Enquanto isso, Epiphânio já brandia o PH e os dois LL do Camillo, preparando-se para os controles migratórios nas inúmeras viagens que fez por Oropa, França e Bahia. Numa delas, em Rapallo, Itália, só obteve atenção, a cordialidade e a confiança de uma desconfiada “mamma”, quando apresentou seu PH e os dois LL. É que o nome dela tinha TH e os LL. Aí, a “mamma” amaciou, sorriu e entabulou uma conversação mais profunda, chegaram até a discutir com Deus, ela na certeza, quem sabe, de que por aquela ortografia não estava lidando com um educado jihadista.

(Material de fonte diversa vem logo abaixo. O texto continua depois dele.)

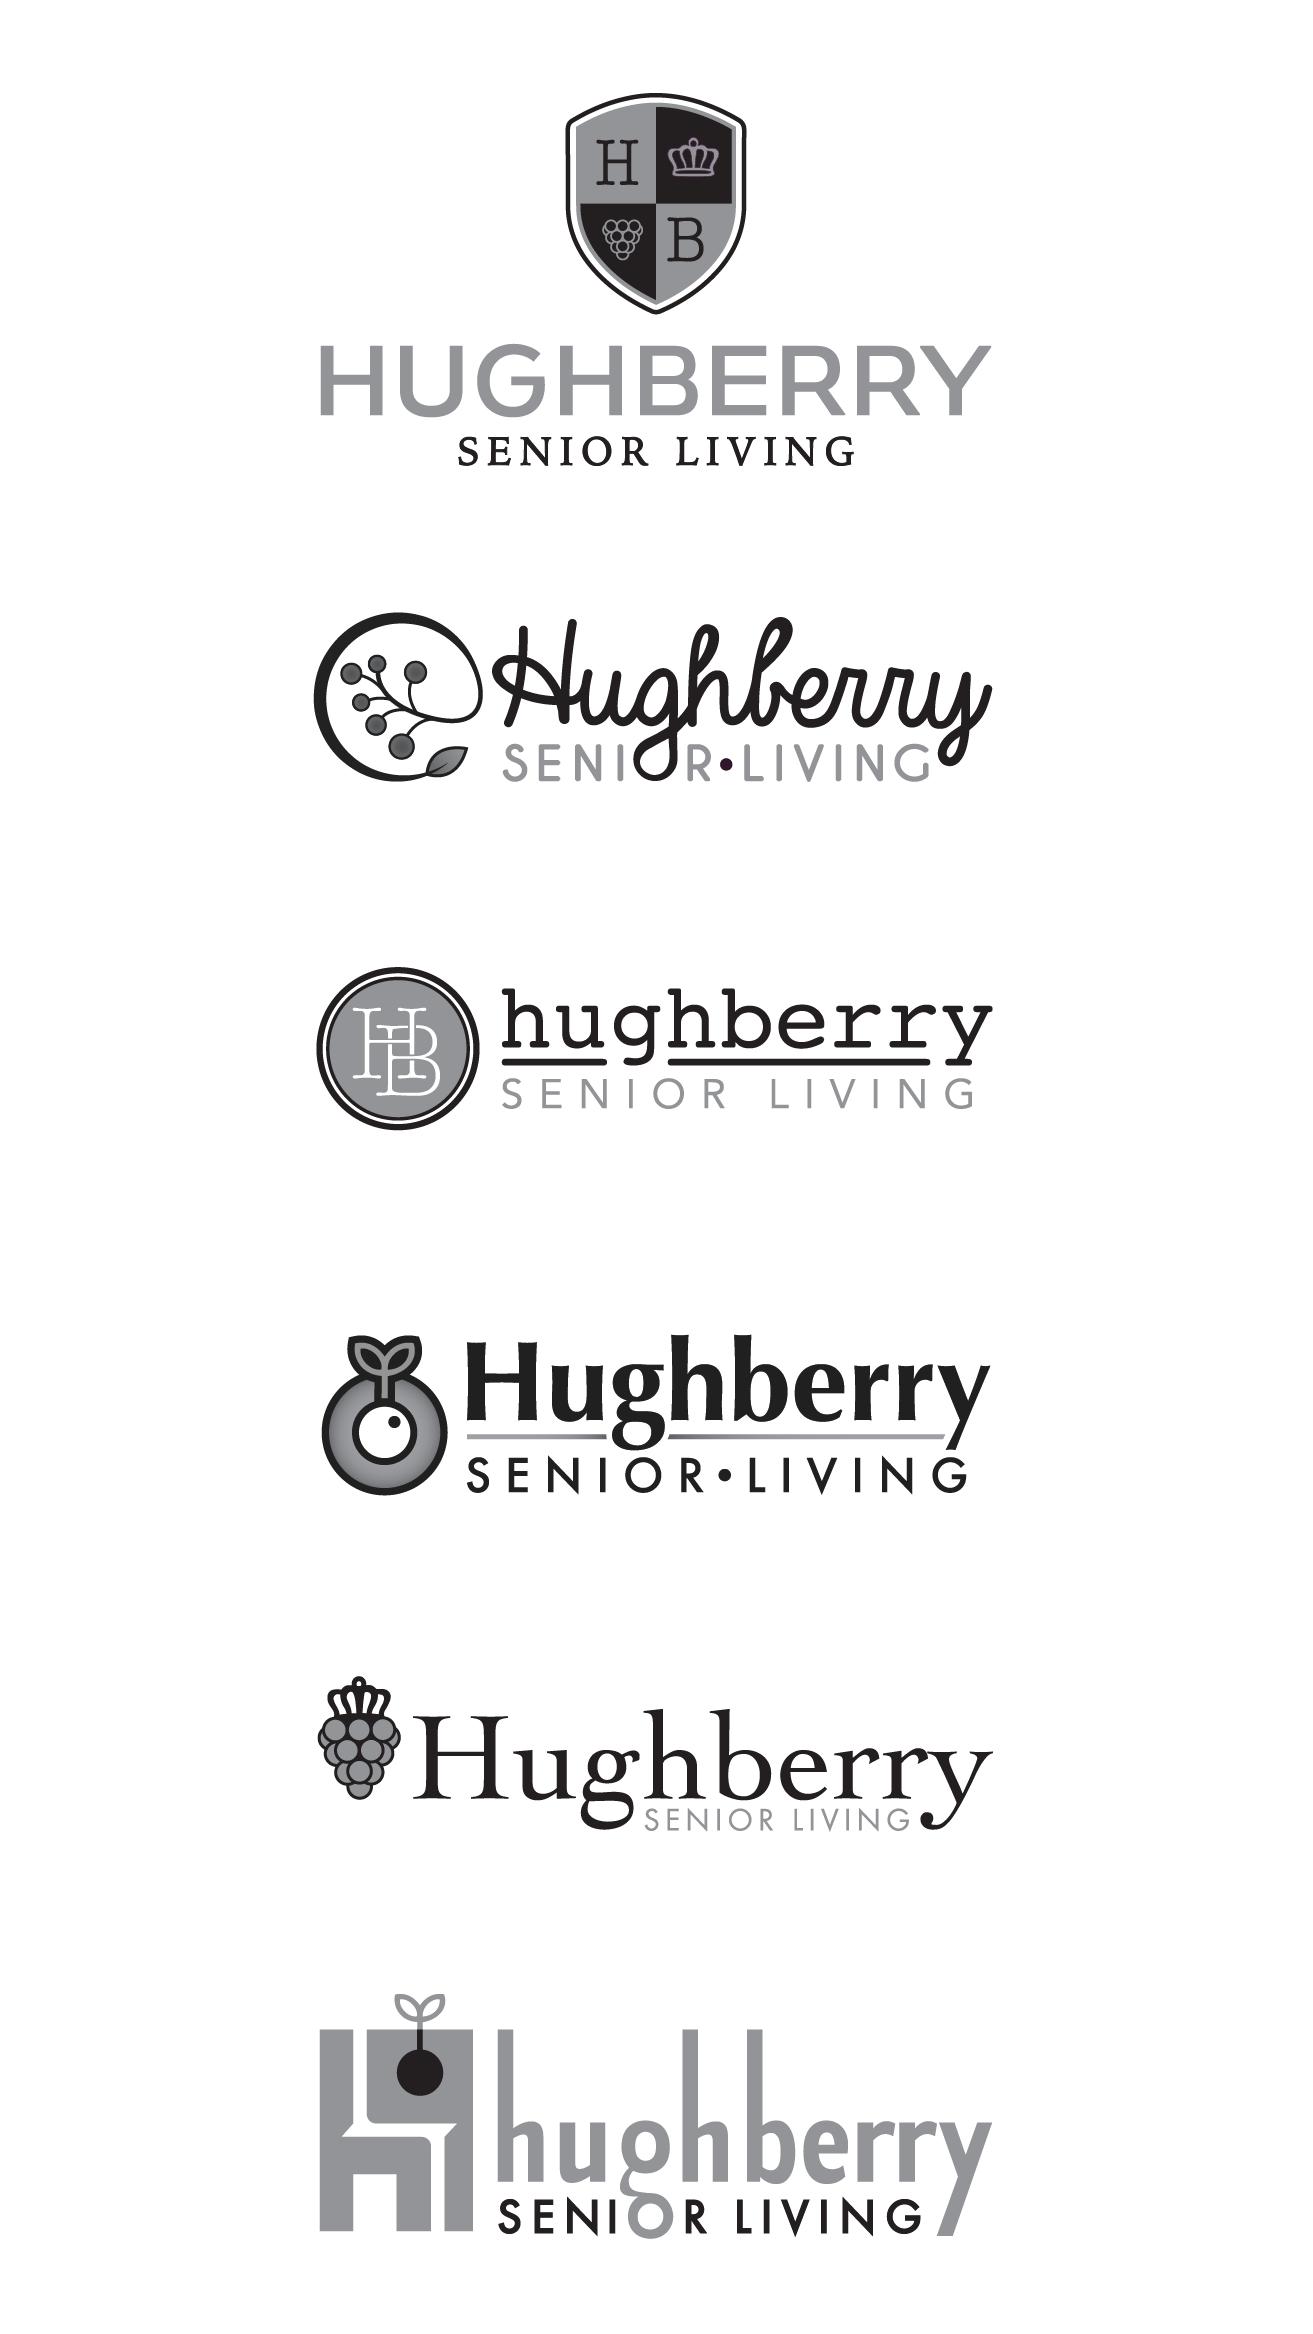 hughberrylogos.image

Fui reencontrá-lo ainda em Belo Horizonte: ainda bem. Resgatamos o elo perdido quando do lançamento do meu livro Sina Cigana. Aproveitei e perguntei onde tinha estado esse tempo todo, pois deixou-nos sorrateiramente no meio de um “onde está o anel” ou na roda do castelo da Margarida, vou ali e volto, mas afinal de contas nós éramos pirralhos e ele já sabia ler desde mui tenra idade.
Agora, nosso papo é outro. Falamos de literatura e viagens. Oropa, França e Bahia é pouco. Temos más companhias: o grupo Tertúlia, escalado com Octavio, Olavo, Edmundo, Paulo, Francisco, ele e eu, a cujo nome acrescentei Quixotesca, derivado da Livraria Quixote, da rua Fernandes Tourinho, onde os encontrei pela primeira vez. Mas nem só dessas más influências vive o moço do PH e os LL, há ainda um tal Cláudio Pérsio, que gosta de desnudar Guimarães Rosa com Outra Mirada.
Mas o Beco dos Canudos continua na pauta. Estamos até pensando criar um grupo reivindicatório para recuperar o nome antigo do nosso Beco, com todo respeito ao Professor Chiquinho Teodoro, may God bless him. Mas, seja qual for a empreitada, ele, precavido, nunca sai sem o PH e os LL: pode ser que precise.